In the drip course settings enable "Require sequential completion". The user can't jump to day 3 before finishing day 2. Combined with a linked community, this enforces discipline.

What if the cohort has 1,000+ people — who answers in the community?

Two strategies:

  1. Recruit power users from previous challenges as moderators / ambassadors. They get a badge, a discount or a commission.
  2. Hire a community manager (2–4 hours daily). Cost ~€500–1,000/month, pays off through challenge revenue.

Can a challenge last longer than 30 days?

Technically yes, practically no. The challenge is strong because of focus on a short window. Past 30 days it loses the challenge feel and becomes a regular course.

How do I wire the challenge to Stripe payments and invoices?

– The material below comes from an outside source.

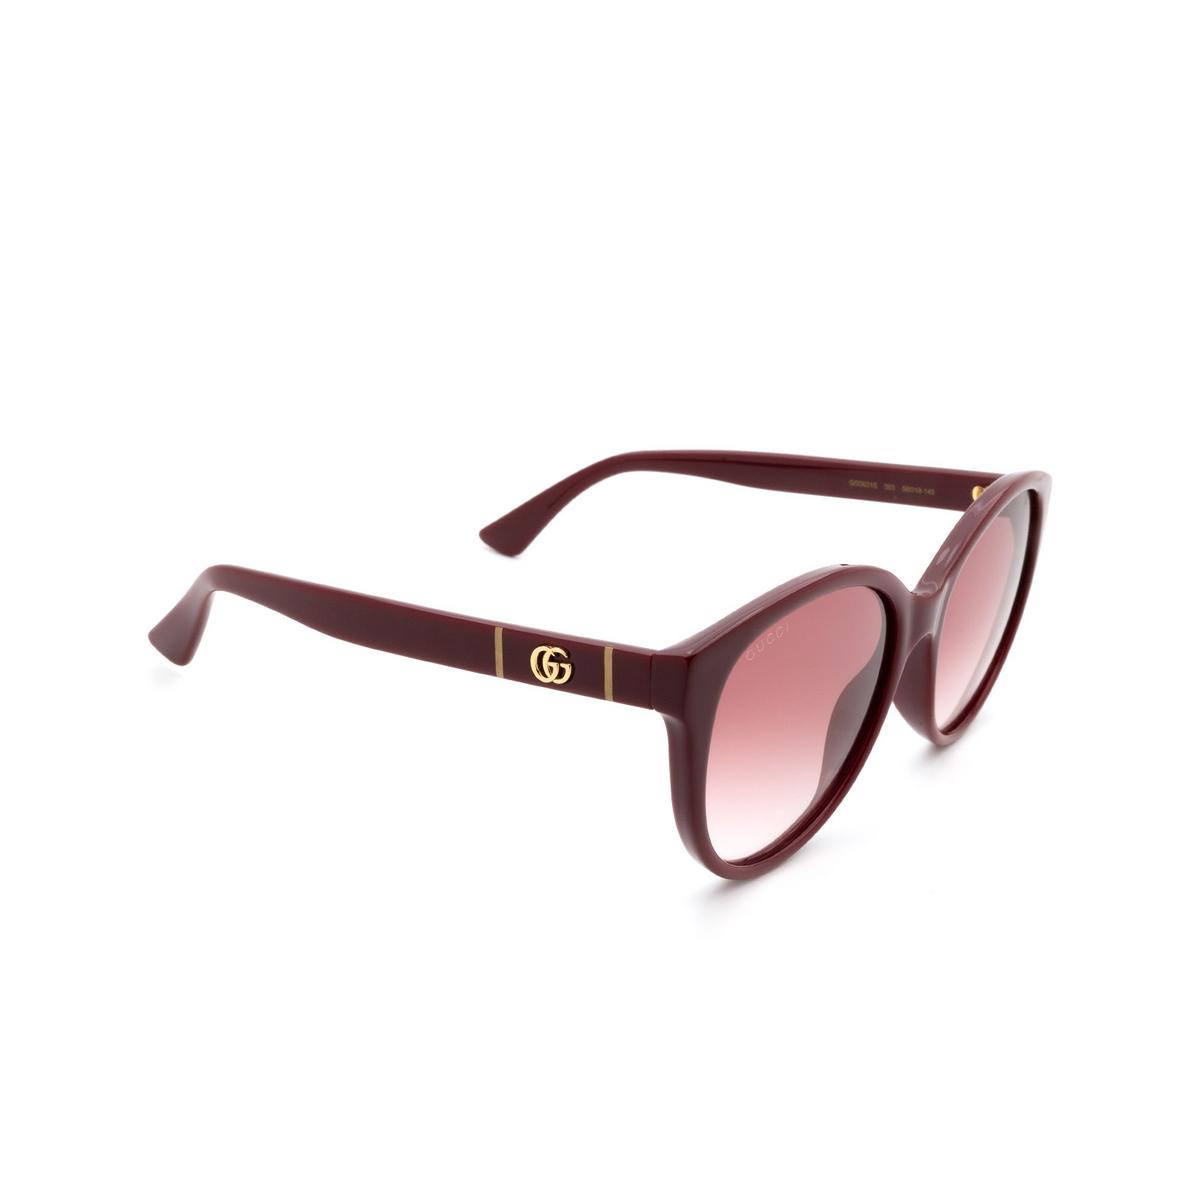 Gucci® Round Sunglasses: GG0631S color Burgundy 003 - 2/3.

A challenge is the same type of course as any other. Payment setup goes through the standard Stripe Connect or MoR flow — nothing special required. See the blog on Stripe.

Which badges work best?

Psychologically, badges for milestones (50%, 100%) and streaks work best. Decorative badges ("posted 3 comments") have a smaller effect. Stick to 3–7 key badges per challenge.

Closing thoughts

A challenge isn't just a product — it's a sales strategy. You can use it as a lead magnet, as a micro-product, as an upsell, as a membership retention mechanic.

If you've never run a challenge, the easiest path is to make the first one free, with a small cohort (50–100 people), with fewer features. Learn the format, then scale.

In three steps and one week of work you can have a first working challenge. A format that works.